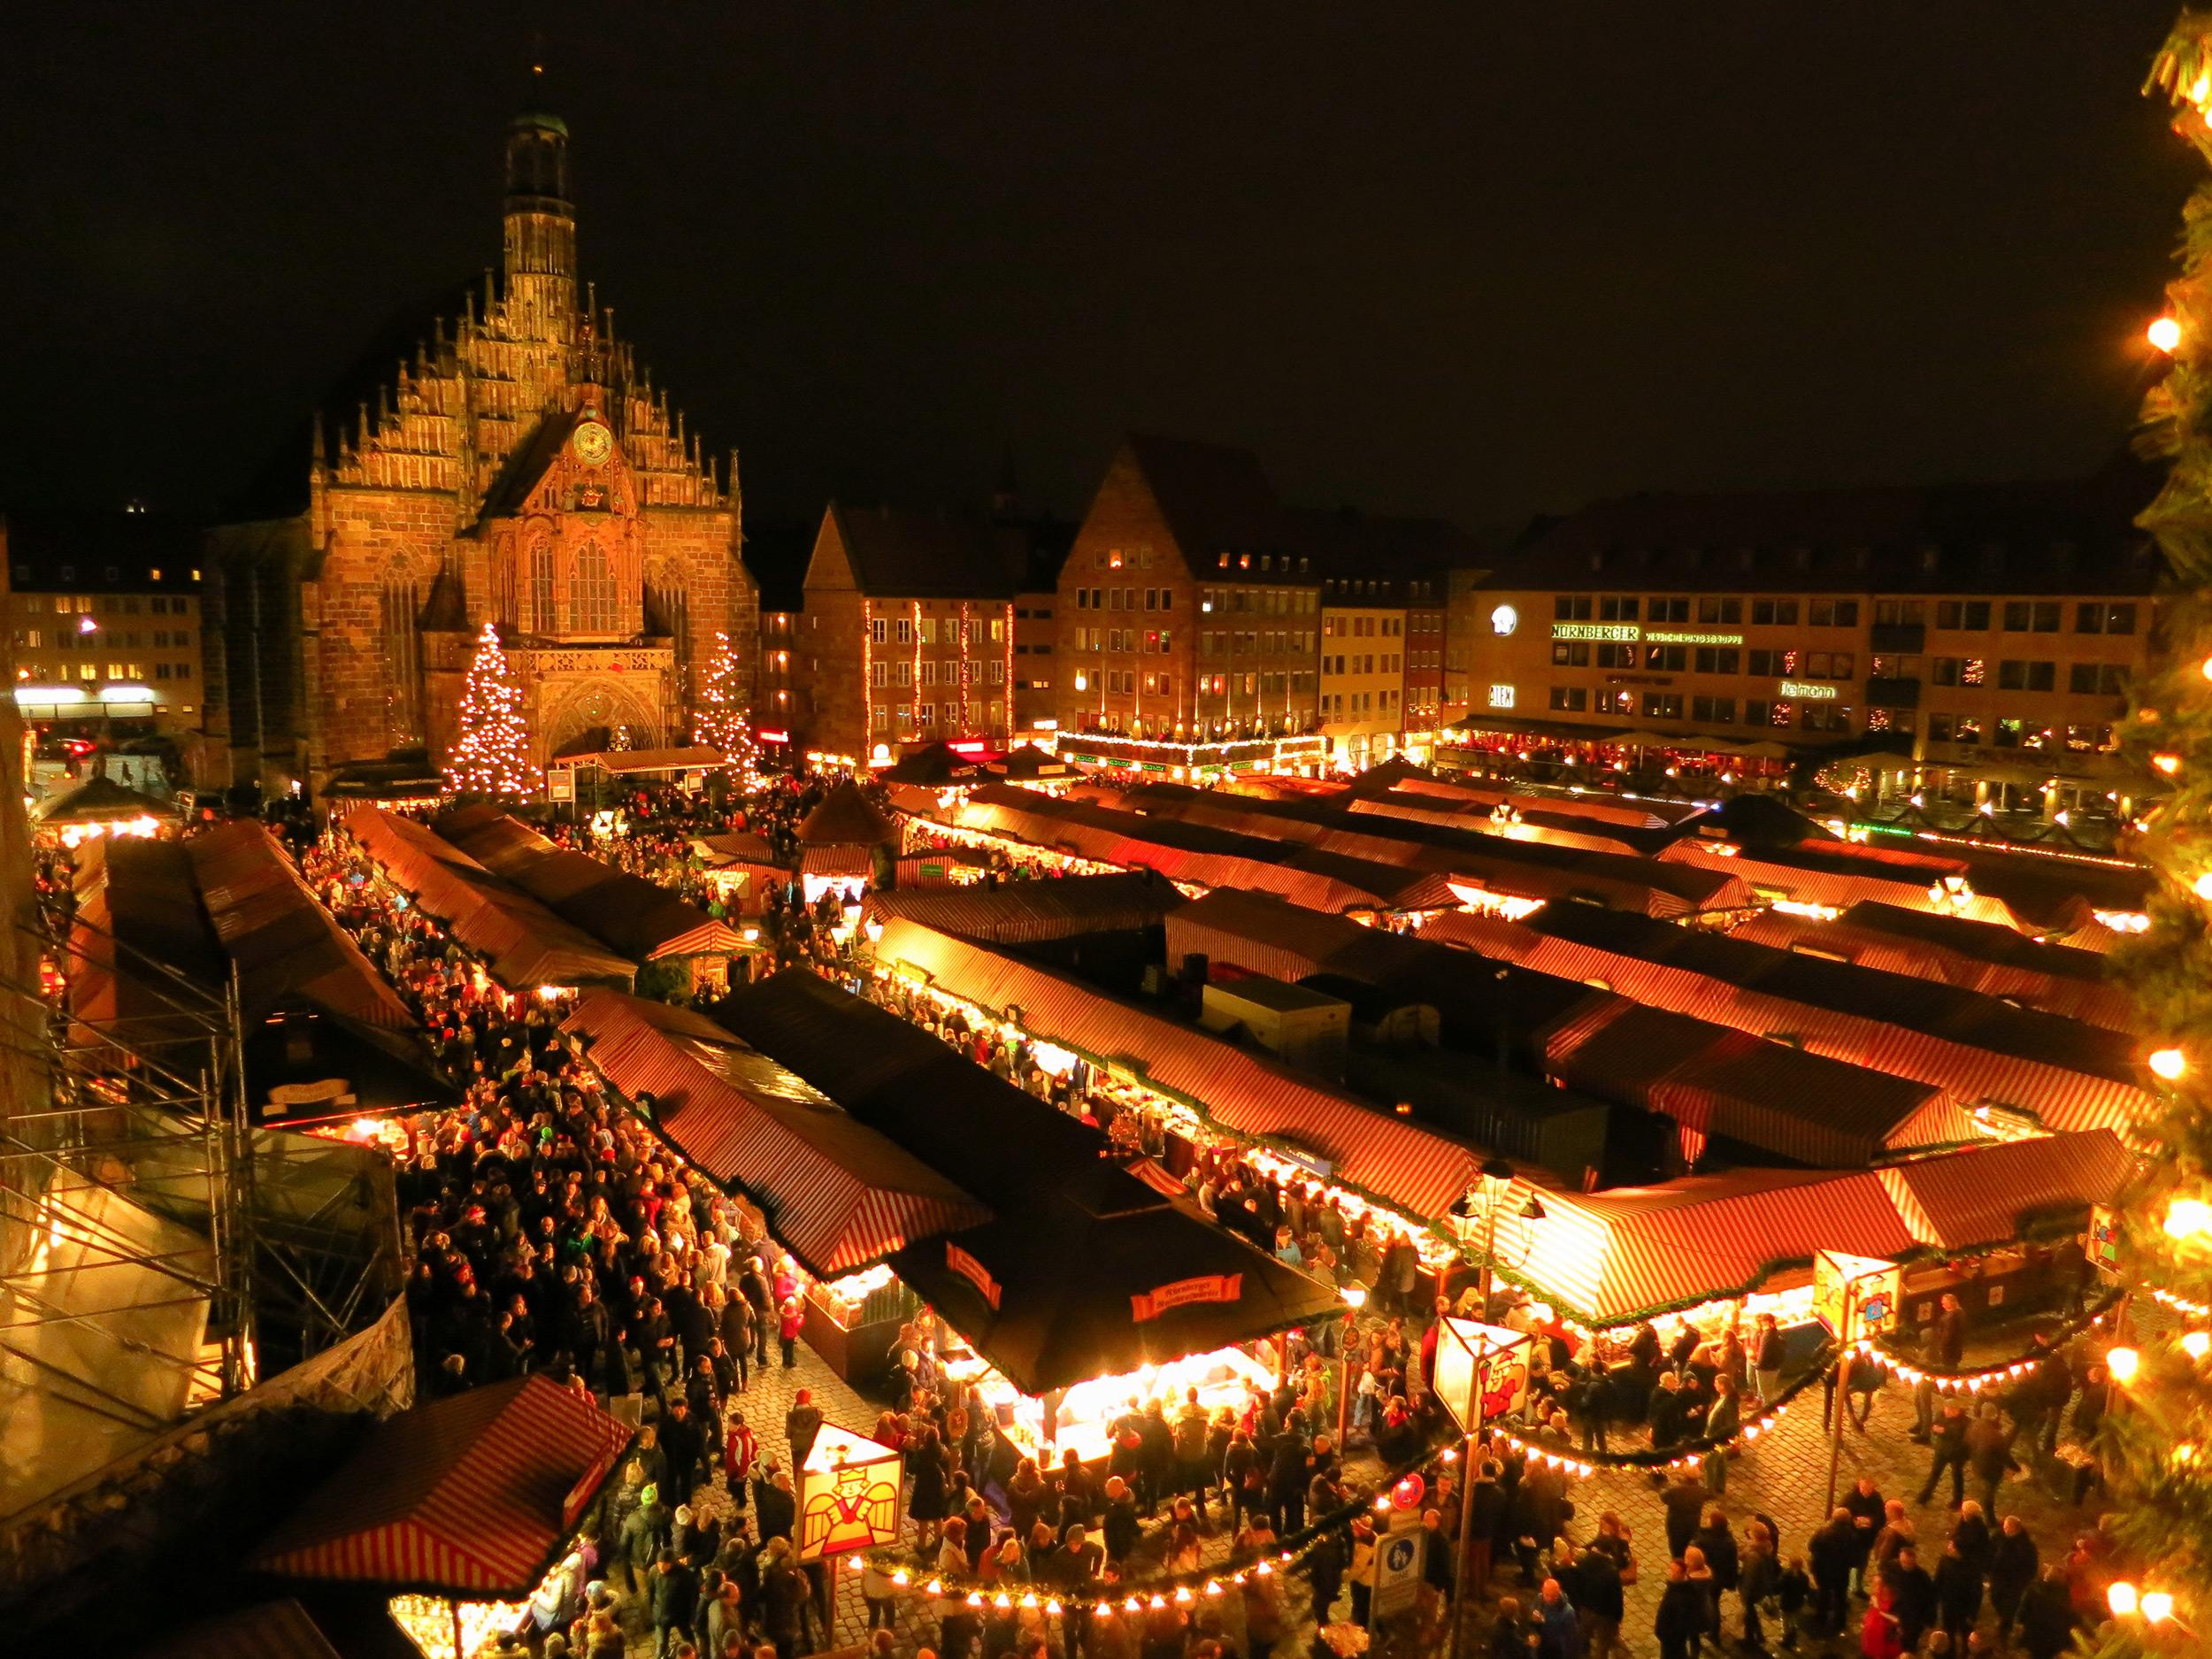 Weihnachtsmarkt Nürnberg.Auf Dem Nürnberger Christkindlesmarkt 2 Tage Im Top 4 Hotel Mit
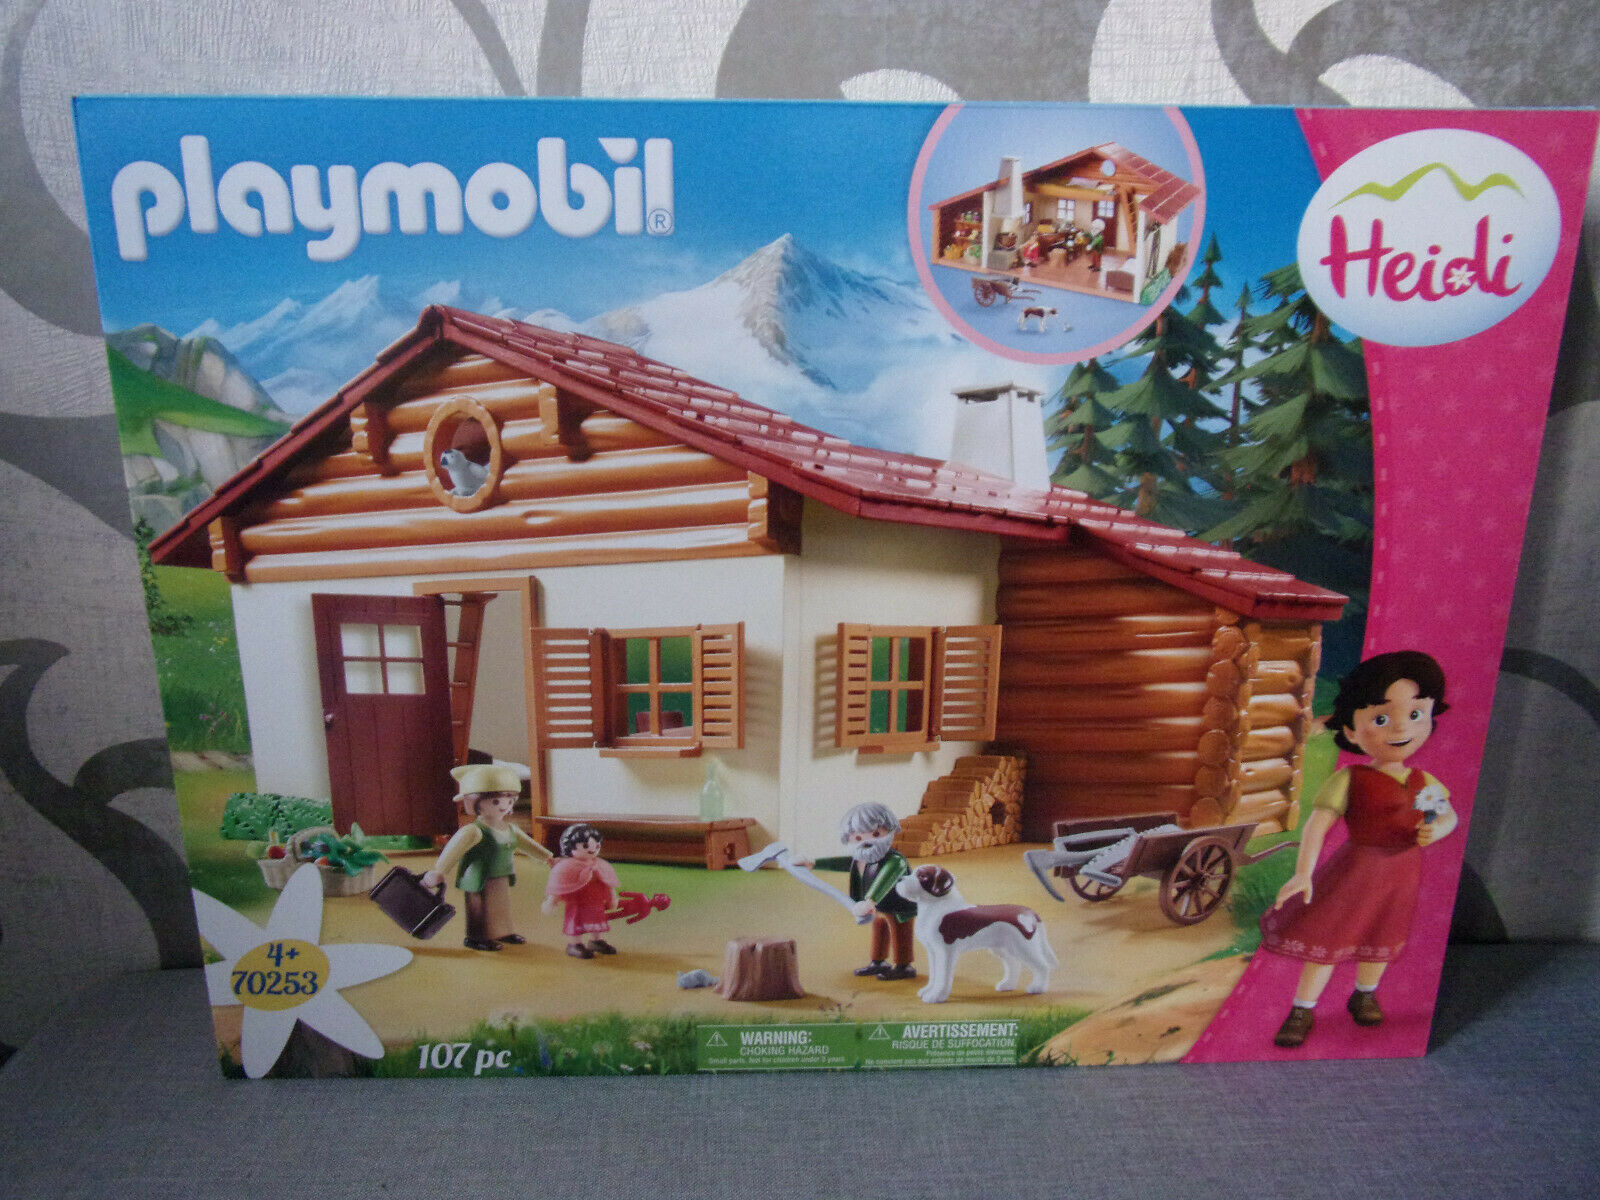 Playmobil Heidi - 70253 e Nonno Auf Der Cassetta - Nuovo in Confezione Originale
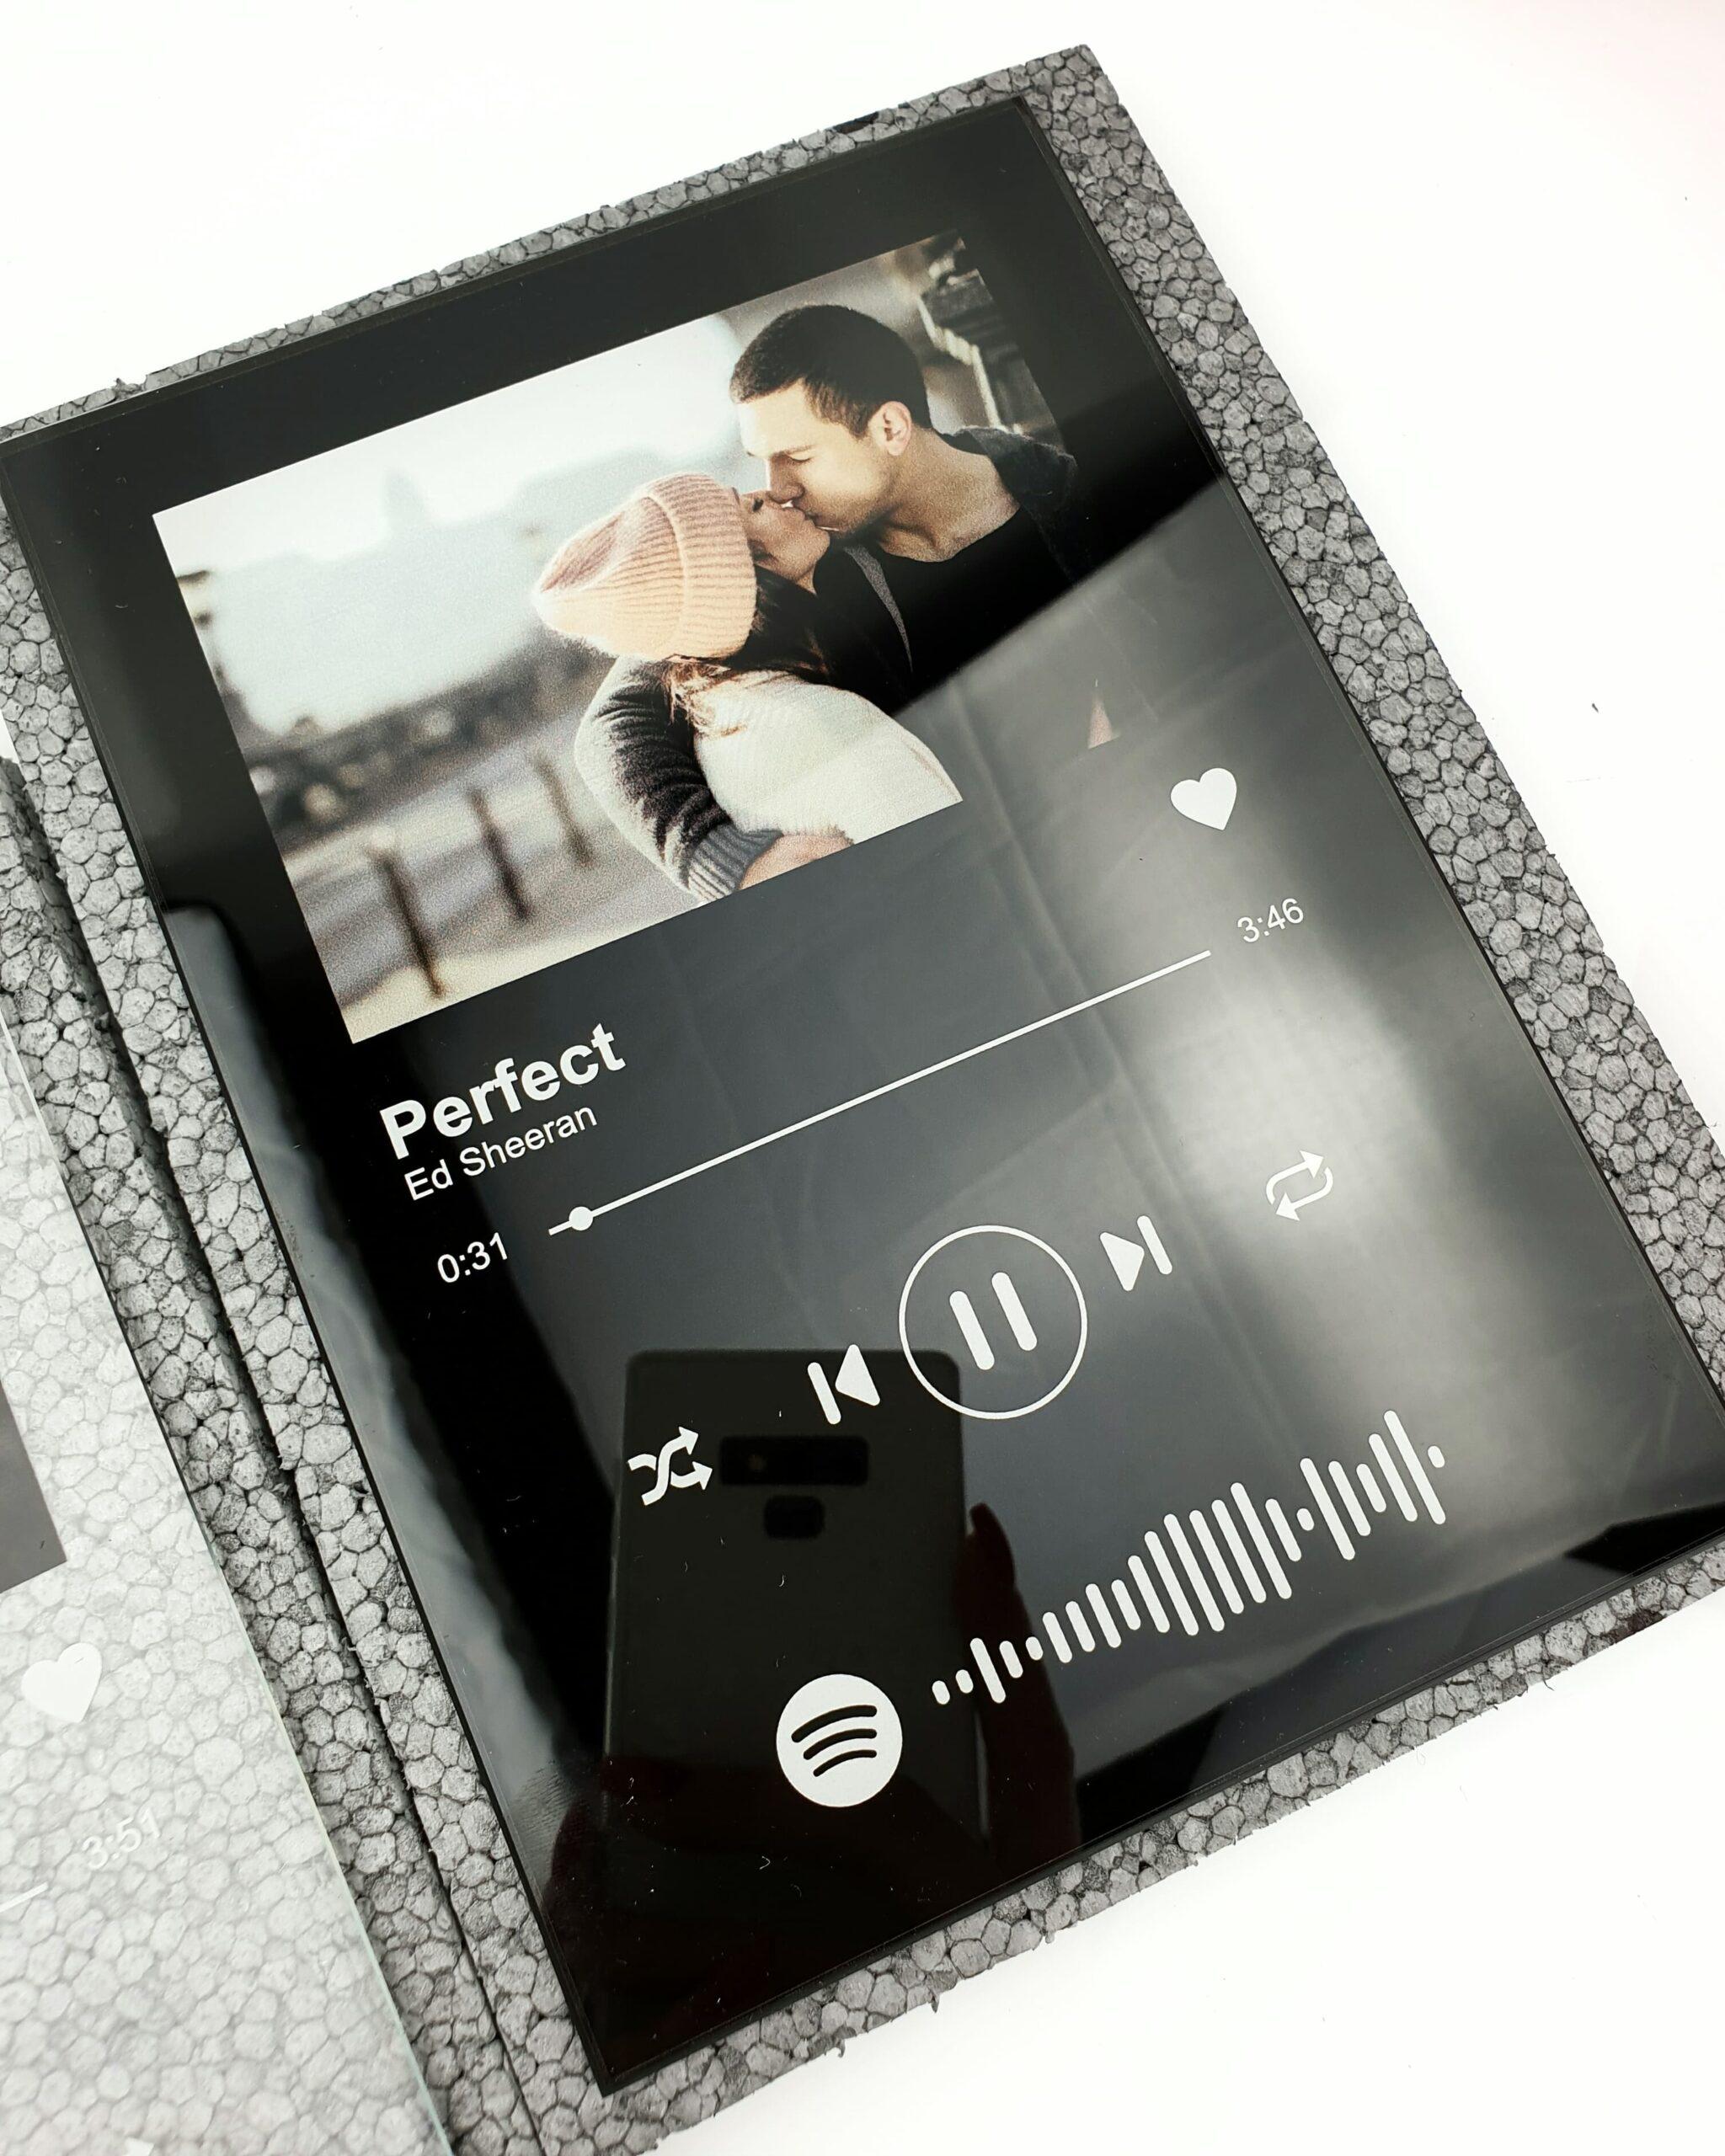 Piosenka Spotify prezent ze zdjęciem na szkle

• [Task details] Exactly as written above, print every line of the data but not its pictures.

• [Answer below]
 Weihnachtsmarkt Nürnberg.Auf Dem Nürnberger Christkindlesmarkt 2 Tage Im Top 4 Hotel Mit
 Playmobil Heidi - 70253 e Nonno Auf Der Cassetta - Nuovo in Confezione Originale
 Piosenka Spotify prezent ze zdjęciem na szkle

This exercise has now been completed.